You need to check if GetQueuedCompletionStatus returned a completion or a timeout. With a timeout you can run through your indexed structure and see (for example) if one of them has timed out or something else and take appropriate house-keeping actions.
The overlapped structure also needs to be checked to see that the I/O completed correctly.
The function servicing the IOCP should be a separate, multi-threaded entity.
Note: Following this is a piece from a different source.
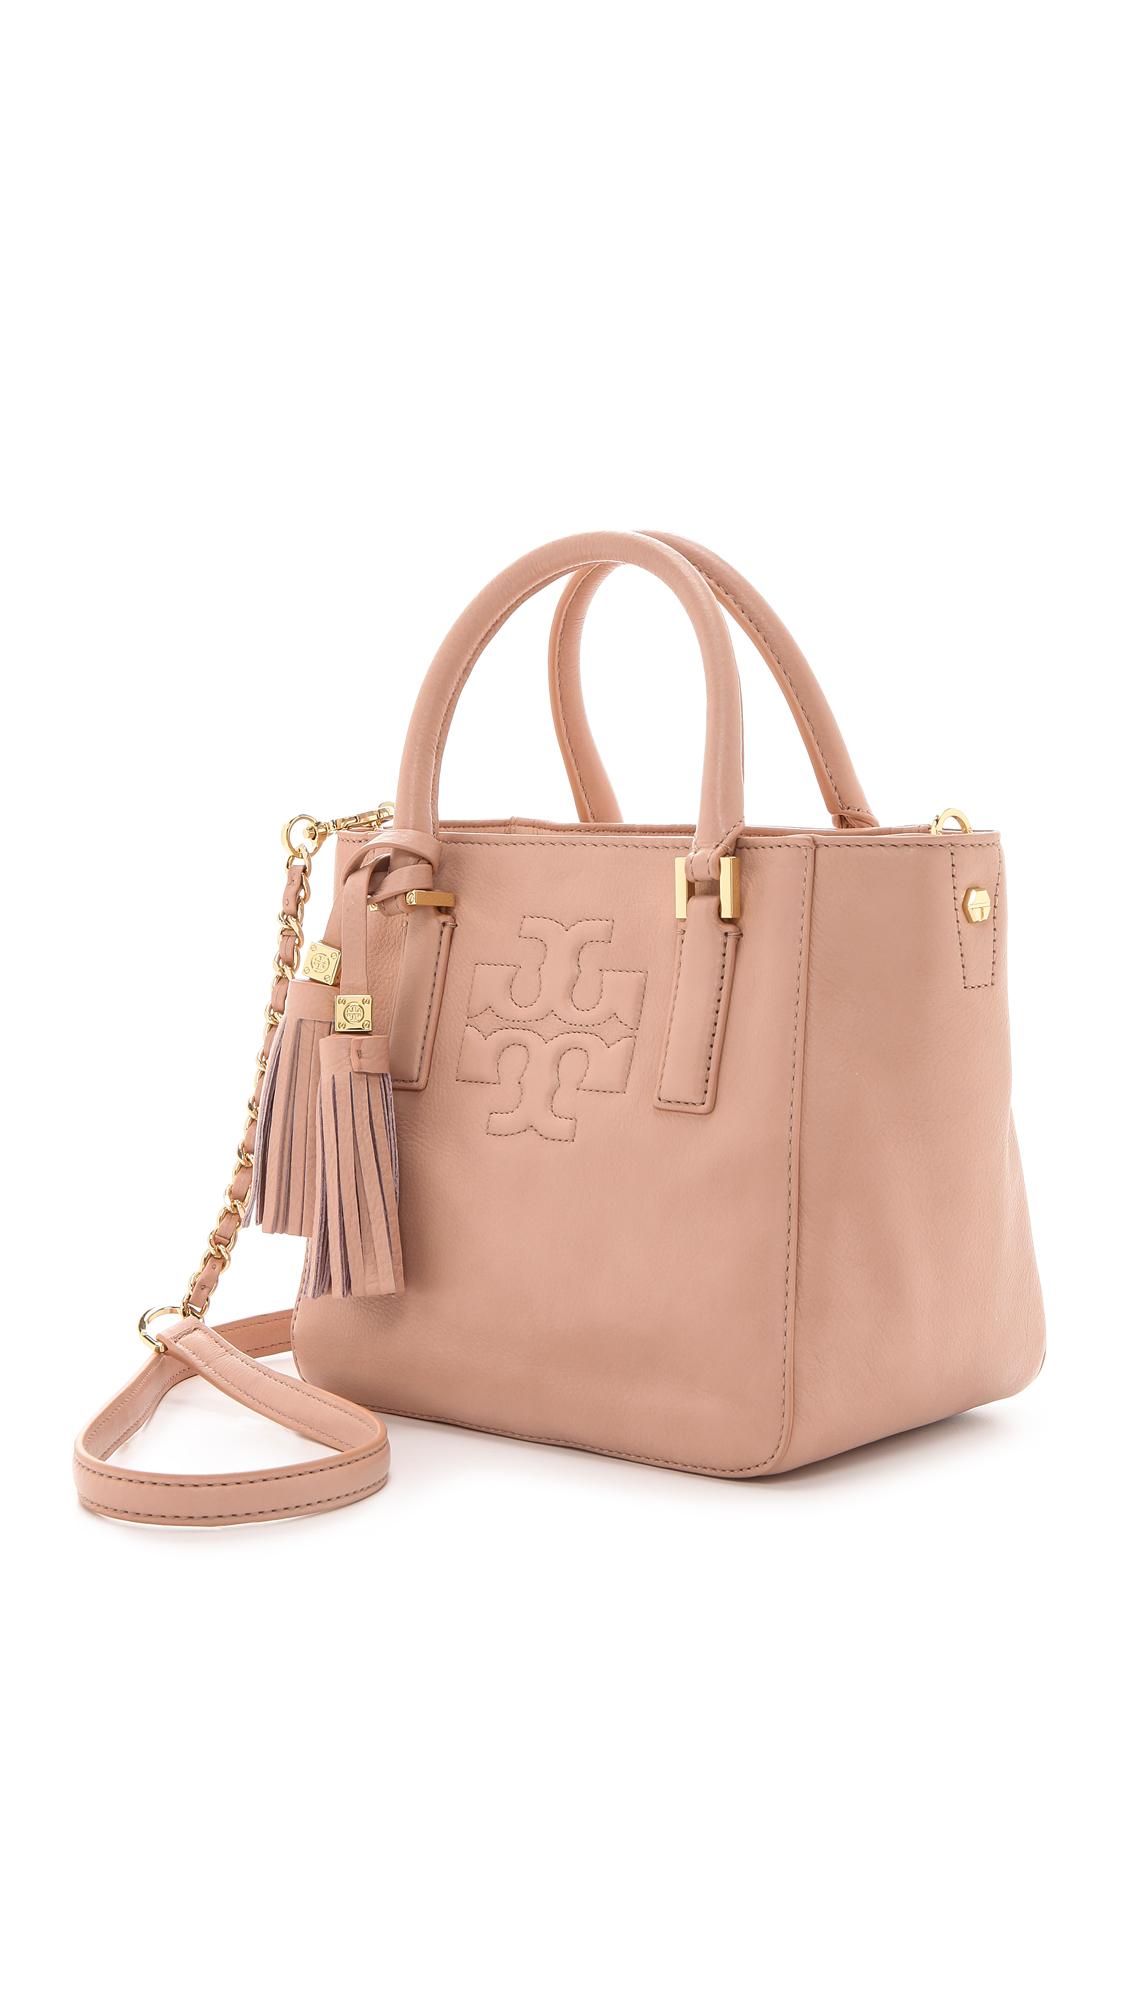 1194cbbf7126 Tory Burch Thea Mini Bucket Bag
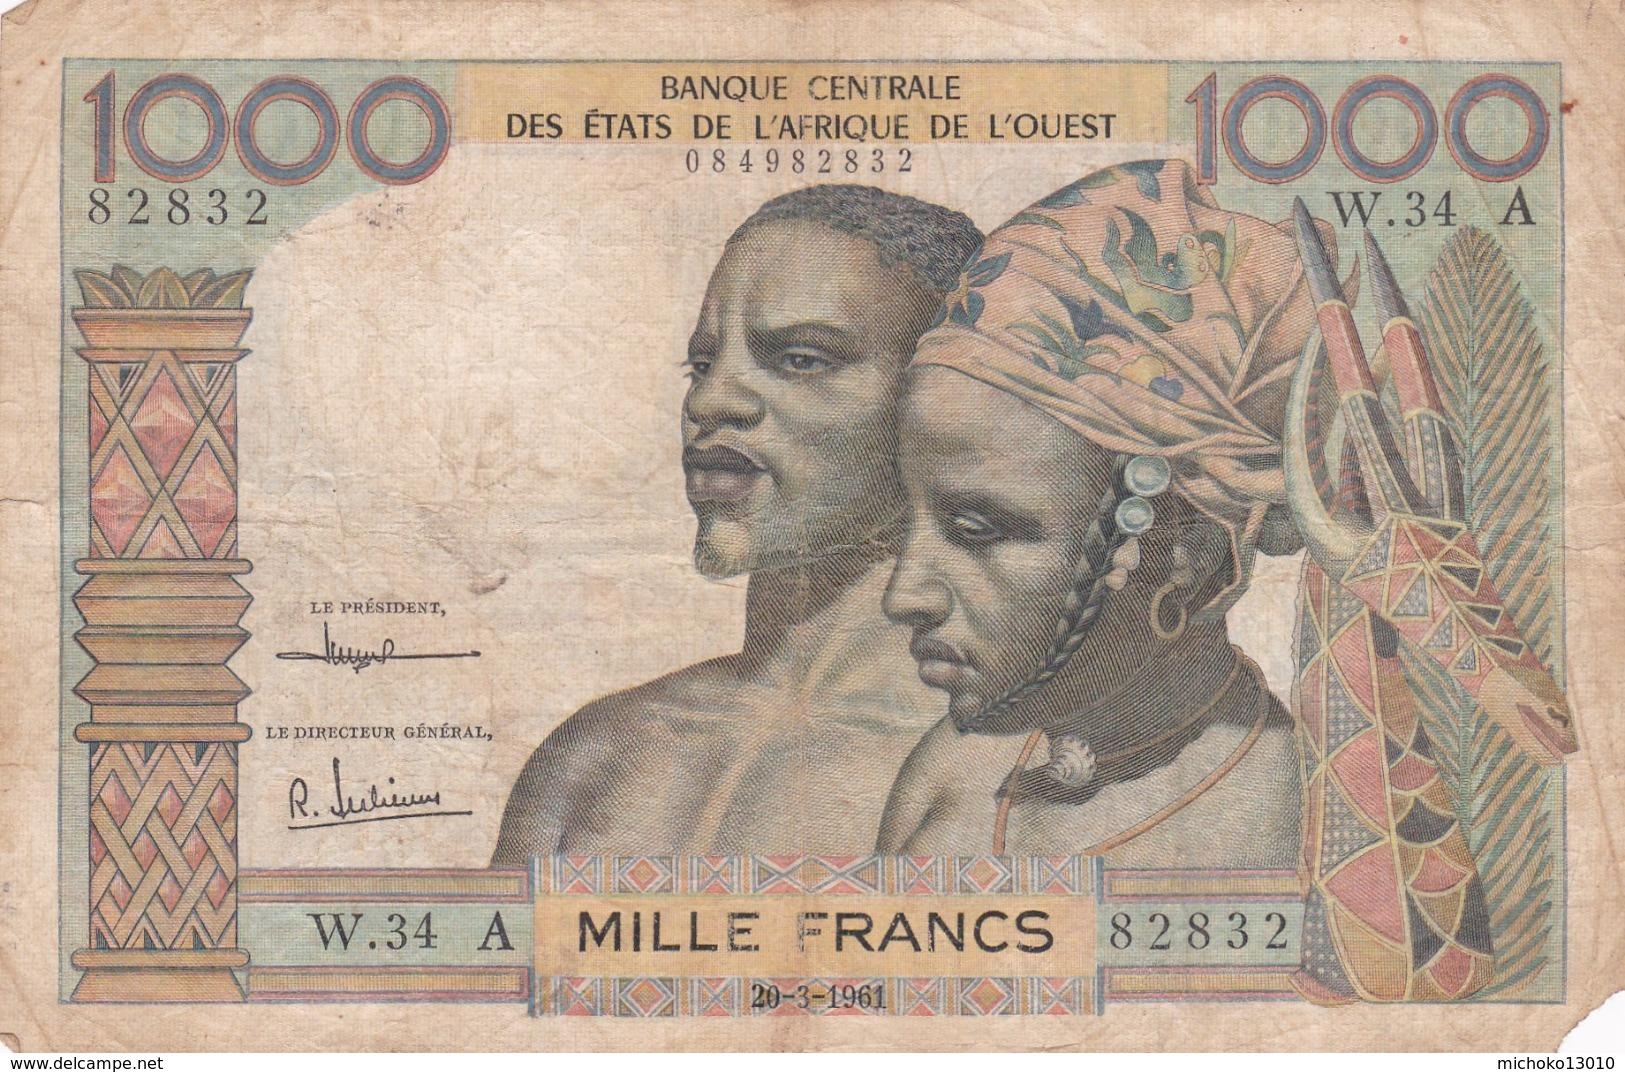 BILLET 1000 FRANCS CFA COTE D IVOIRE PICK 103 A VOIR SCAN - West-Afrikaanse Staten

Use the same number of threads that you have cores in your system, or at least no more than that as it wastes system resources (you don't have more resources for servicing the event than the number of cores in your system, right?).
IOCPs really are the best of all worlds (too good to be true) and anyone who says "one thread per socket" or "wait on multiple-socket list in one function" don't know what they are talking about. The former stresses your scheduler and the latter is polling and polling is ALWAYS extremely wasteful.